Dear friends,

I have a non-linear model with 23 eq and 23 variables. I have defined the model block in the mod file, and as far as I know, if I do not define “initval,” Dynare will consider them zero, and thus steady-state values will be zero. However, every time I run the code, I get the following error: “The steady state has NaNs or Inf.” Is there anything wrong with the code?

giocode.mod (5.8 KB)

Hi GioGio,

you are right that if you do not specifically give Dynare initial values it will set them to zero. The second part is, however, wrong. It does not imply that the steady states are thus also zero, most likely they are quite the opposite. It just uses zero as a starting value for the steady state solver, which could be far away ant so make it impossible for Dynare to find it.

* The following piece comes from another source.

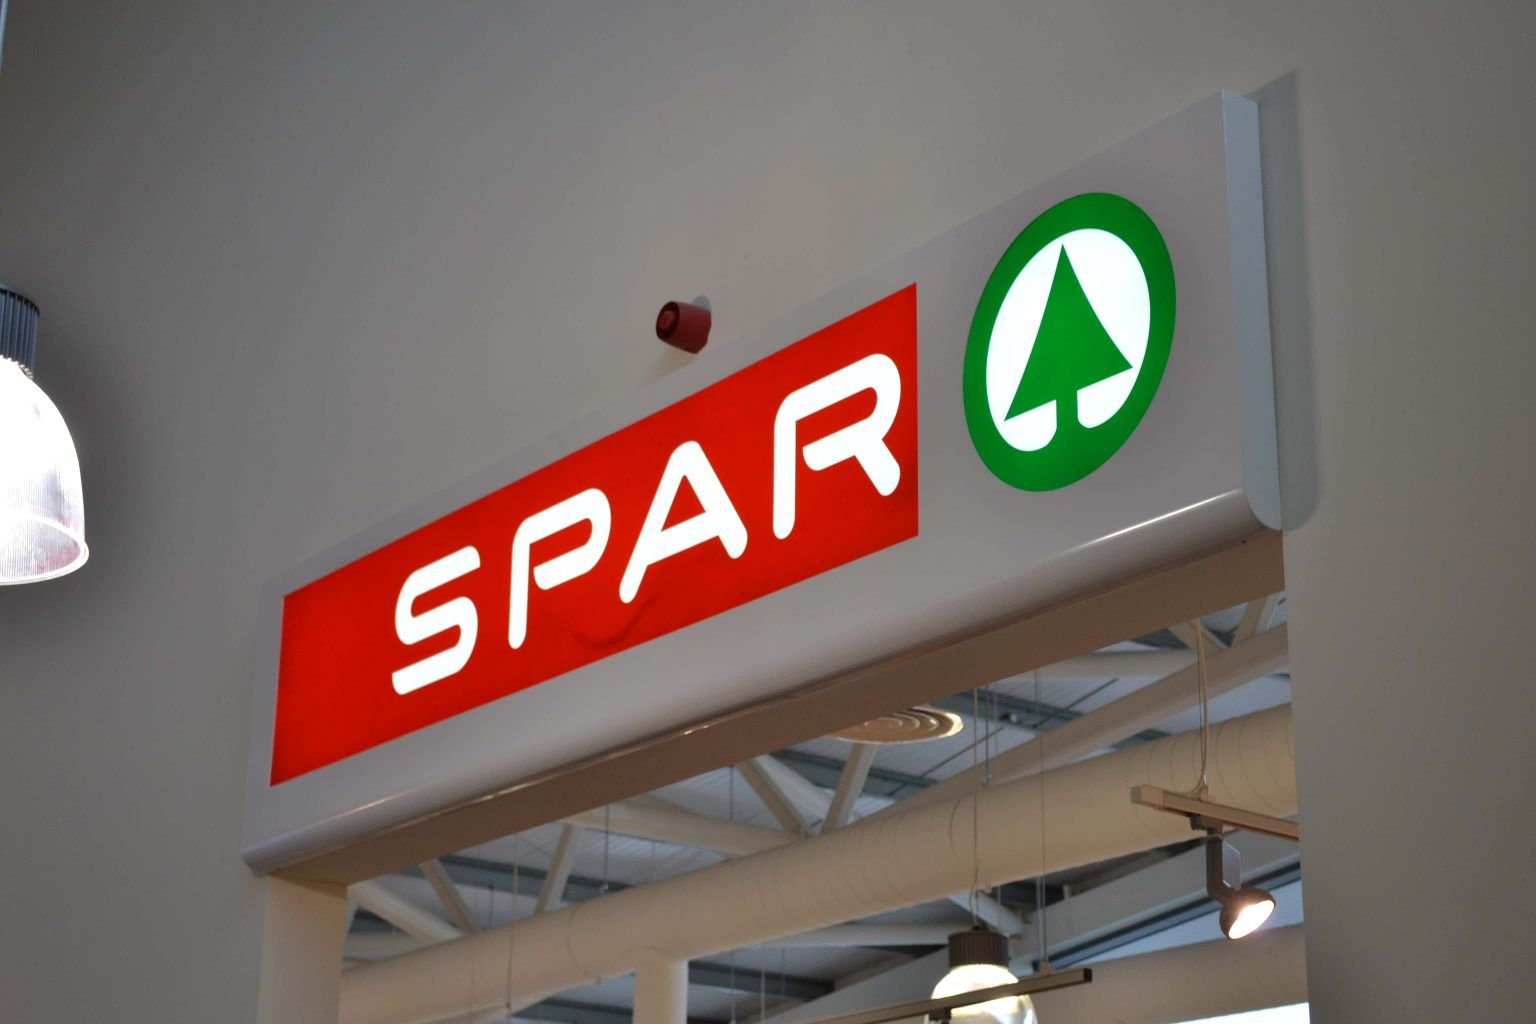 Spar Fascia Signs
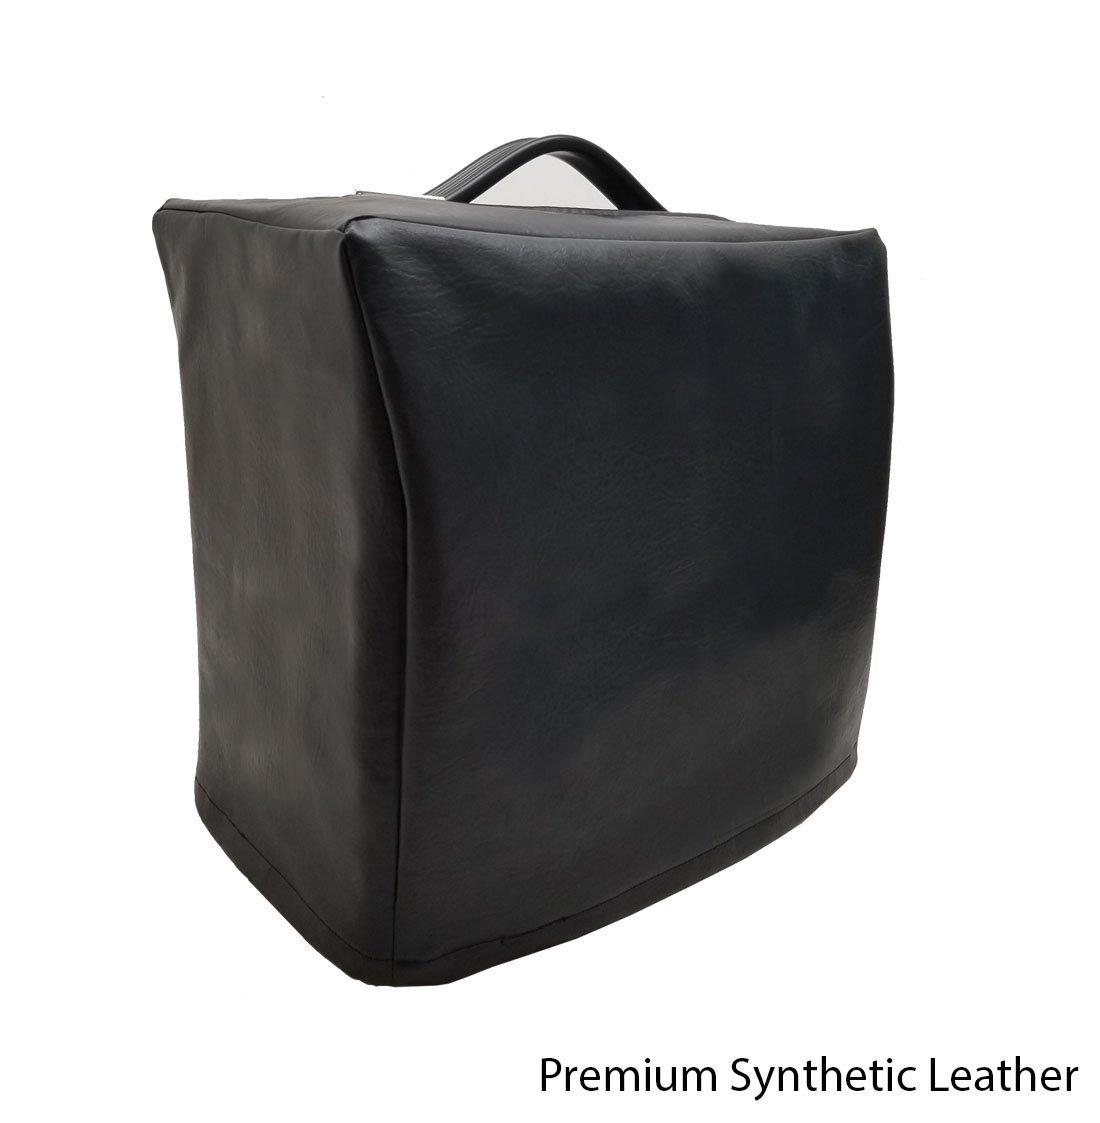 DCFY Guitar Amplifier Dust Covers for Blackstar HT Venue Studio 20 | Premium Polyester

One danger when not giving initial values is that using zero as starting values could lead to incorrect specification for example if you then have 1/0 or, like what you have in your Taylor rule, log(0). This of course does not work.

Try either to calculate the steady state analytically or at least give proper (“good”) initial guesses of them.

Best

1 Like

Thank you for your response. I have one more question: I have obtained only some steady-state values analytically. Is it possible to combine these values and initial guesses within initval block? Does it give the correct steady-state (of course, conditional on proper initial guesses)?

- Your model has

```
[name='Taylor rule']
0 = ln(R) - rho_r*ln(R(-1)) - (1-rho_r)*(ln(R_ss)+ phi_pi*(ln(Pi)-ln(Pi_ss))+ phi_y*(ln(Y)-ln(Y_ss))+phi_vsigma*(ln(vsigma(+1))-ln(vsigma_ss)))- shock_R;
[name='Tax rule']
0 = ln(tau) - rho_tau*ln(tau(-1)) - (1-rho_tau)*(psi_vsigma*(ln(vsigma(+1))-ln(vsigma_ss)))- shock_tau;
[name='TFP shock']
0 = ln(A)- rho_a*ln(A(-1)) - shock_A;
```

everything that is in logs cannot have a steady state of 0. With the default initial value of 0, you will get log(0)=Inf.

2. Yes, you can combine true steady state values and initial guesses in an `initval`

-block.

1 Like

Yes, I see the problem now. Thank you very much for your help.